EXERCISE REQUIREMENTS: Your task is to transcribe the data exactly while omitting each picture.

AVAILABLE DATA Start Marker

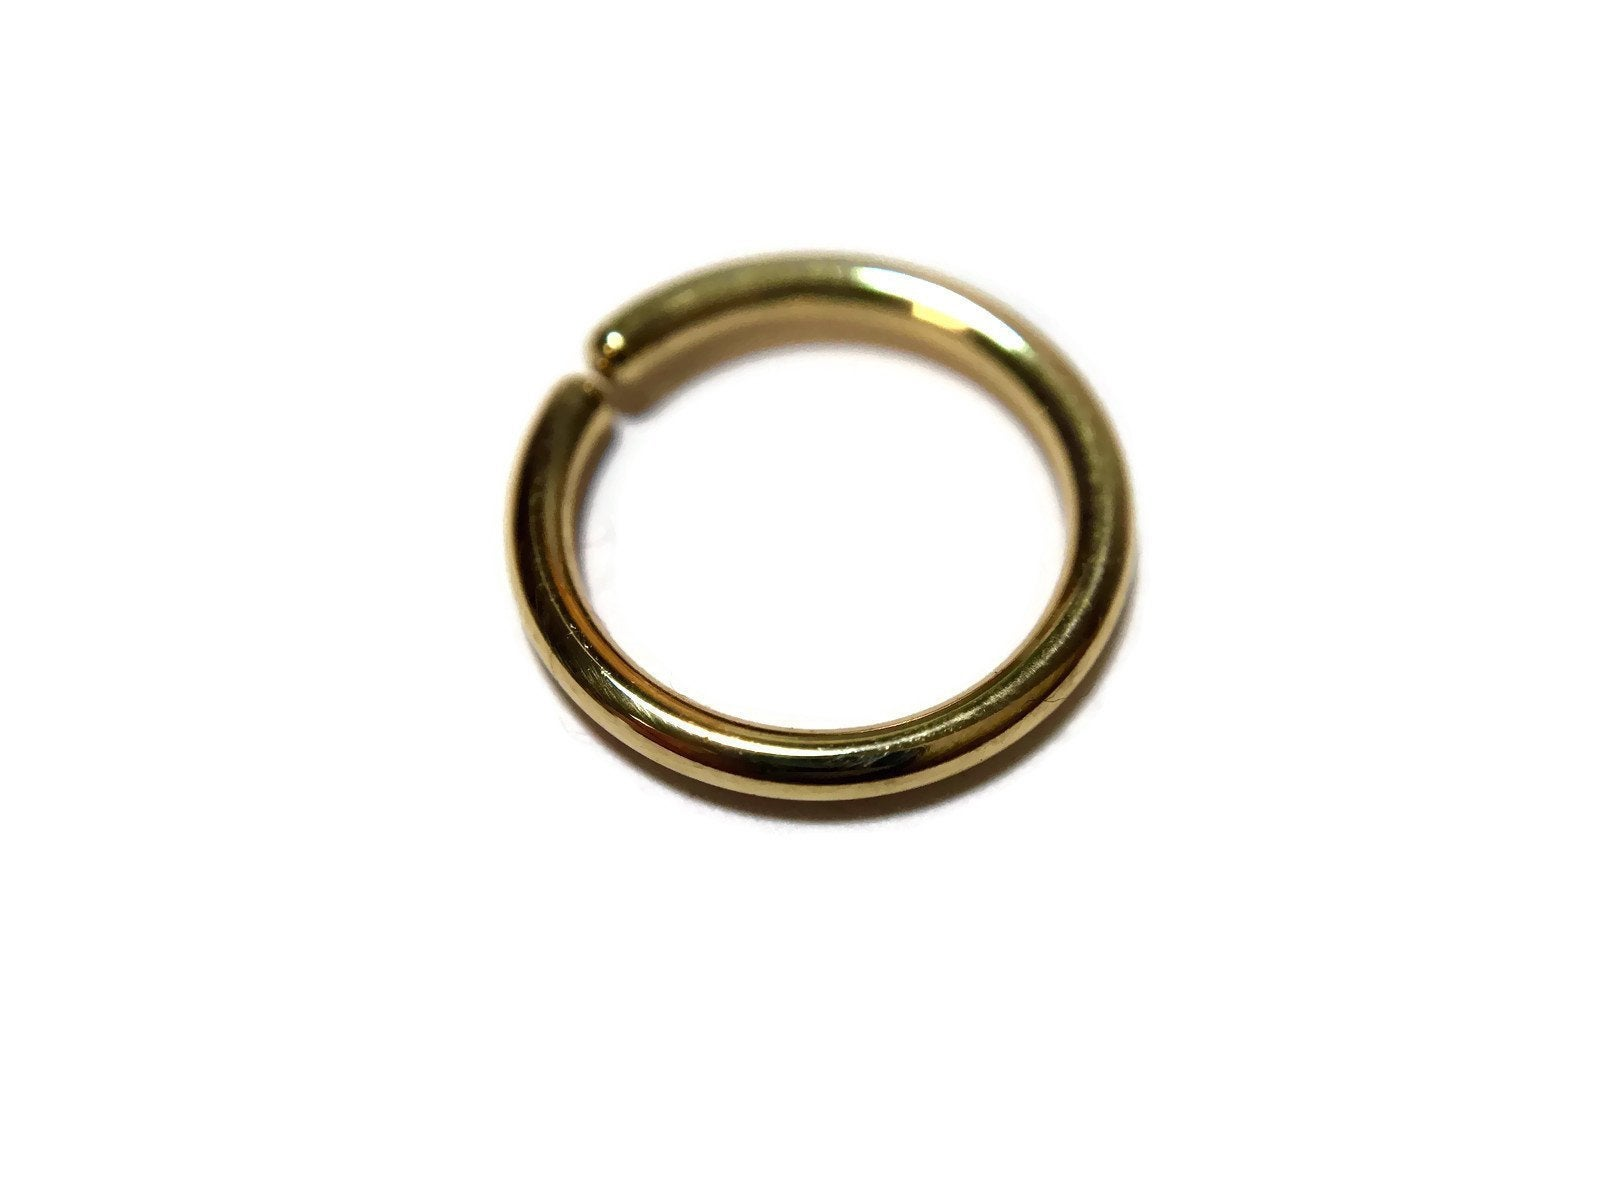 Yellow Gold Seam Ring – Plain Simple Piercing – Septum – Lip – Nostril – Helix – Rook – Daith – Tragus – Conch – Snug – Earring
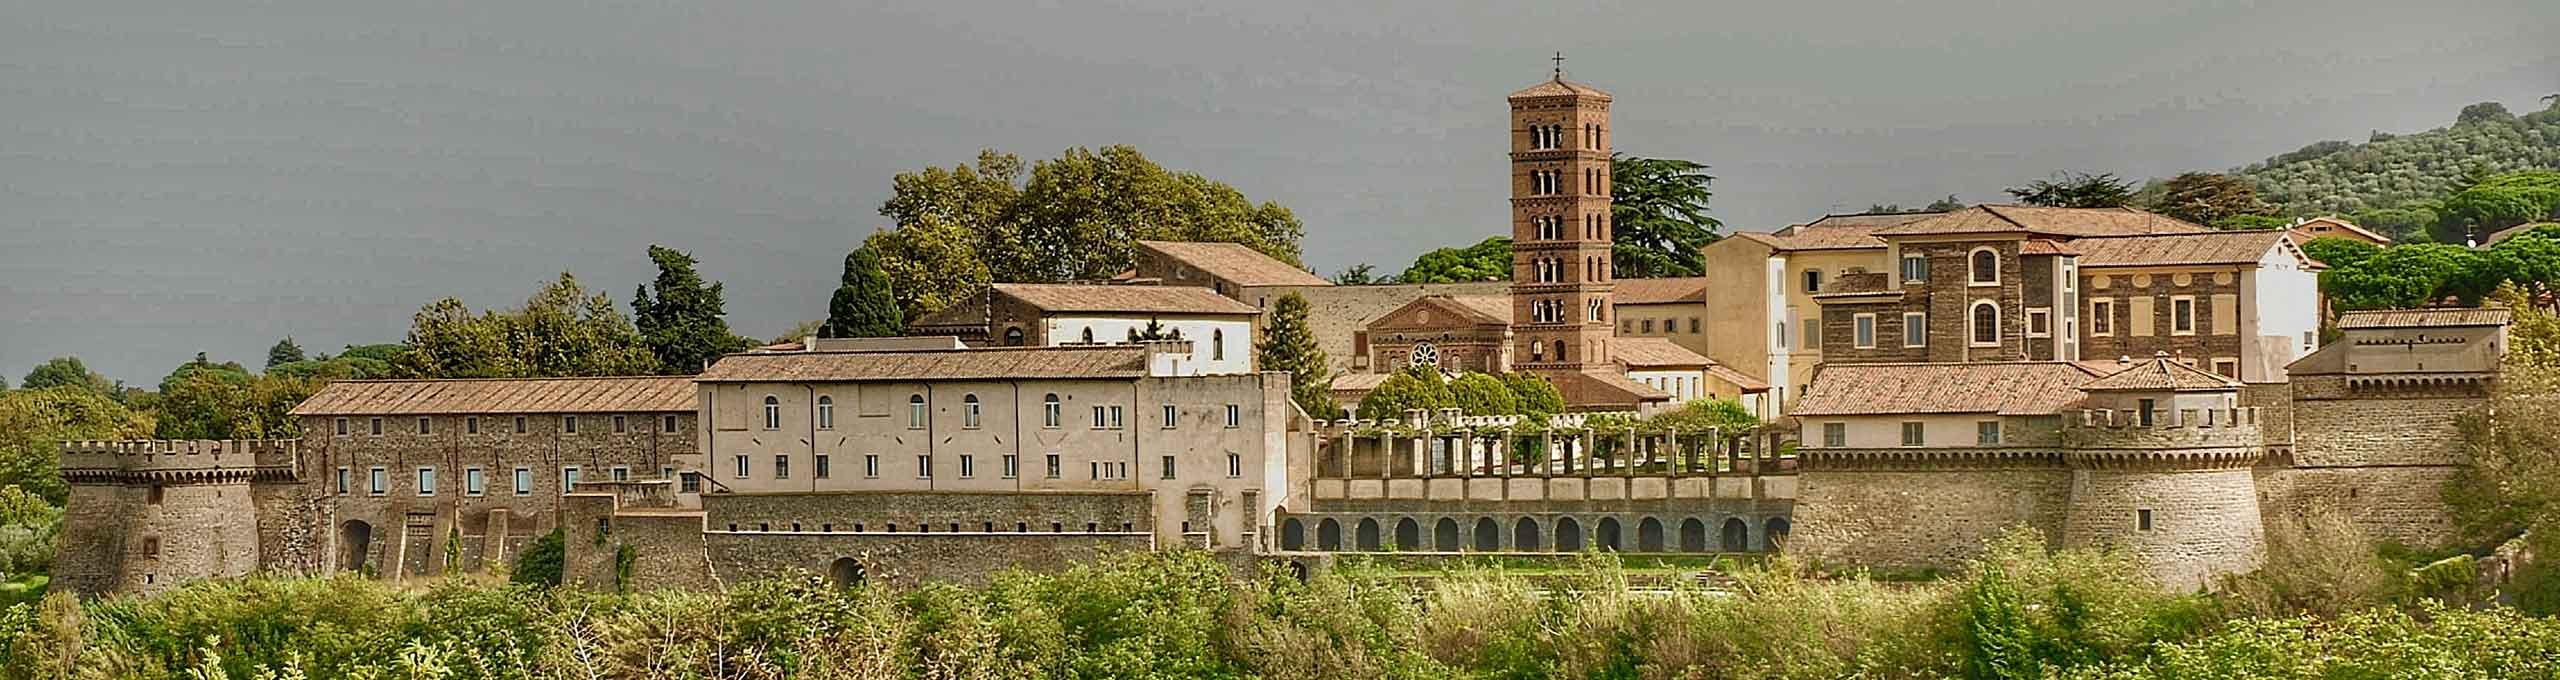 Grottaferrata, Castelli Romani
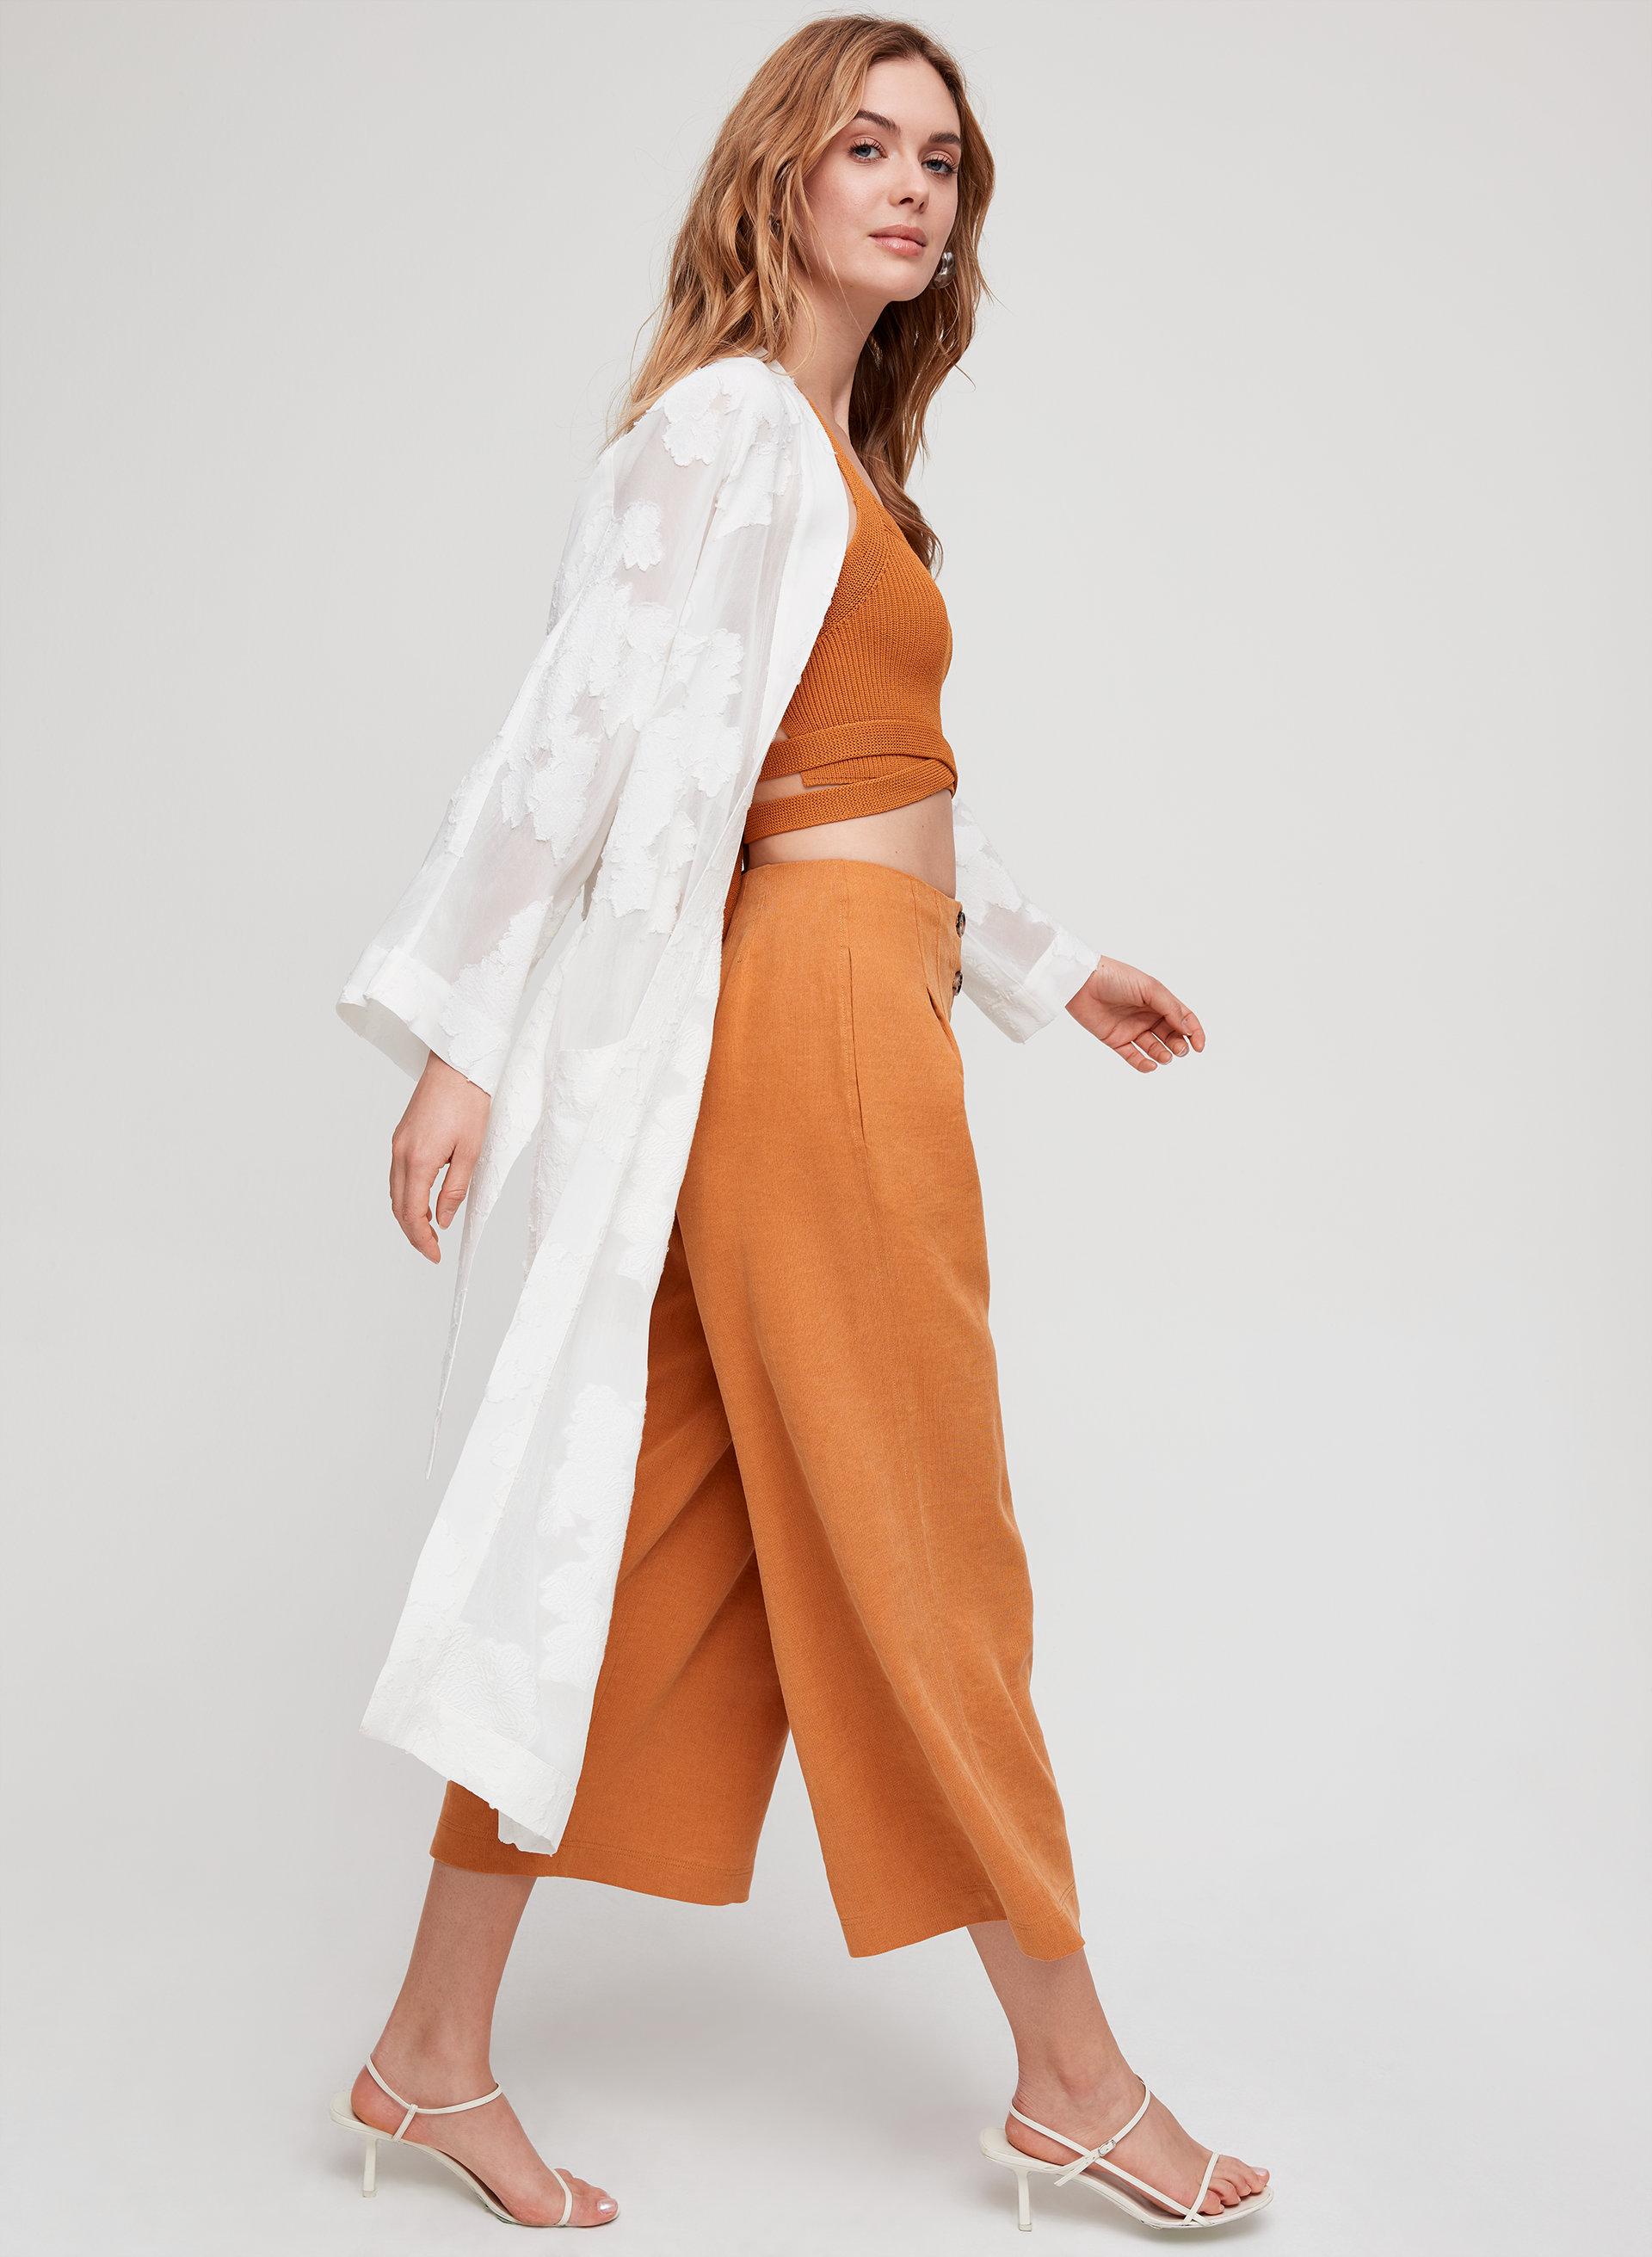 004706439 durante jacket Long jacquard kimono

AVAILABLE DATA End Marker

RESULT OF THE EXERCISE:
 Yellow Gold Seam Ring – Plain Simple Piercing – Septum – Lip – Nostril – Helix – Rook – Daith – Tragus – Conch – Snug – Earring
 Grottaferrata, Castelli Romani
 004706439 durante jacket Long jacquard kimono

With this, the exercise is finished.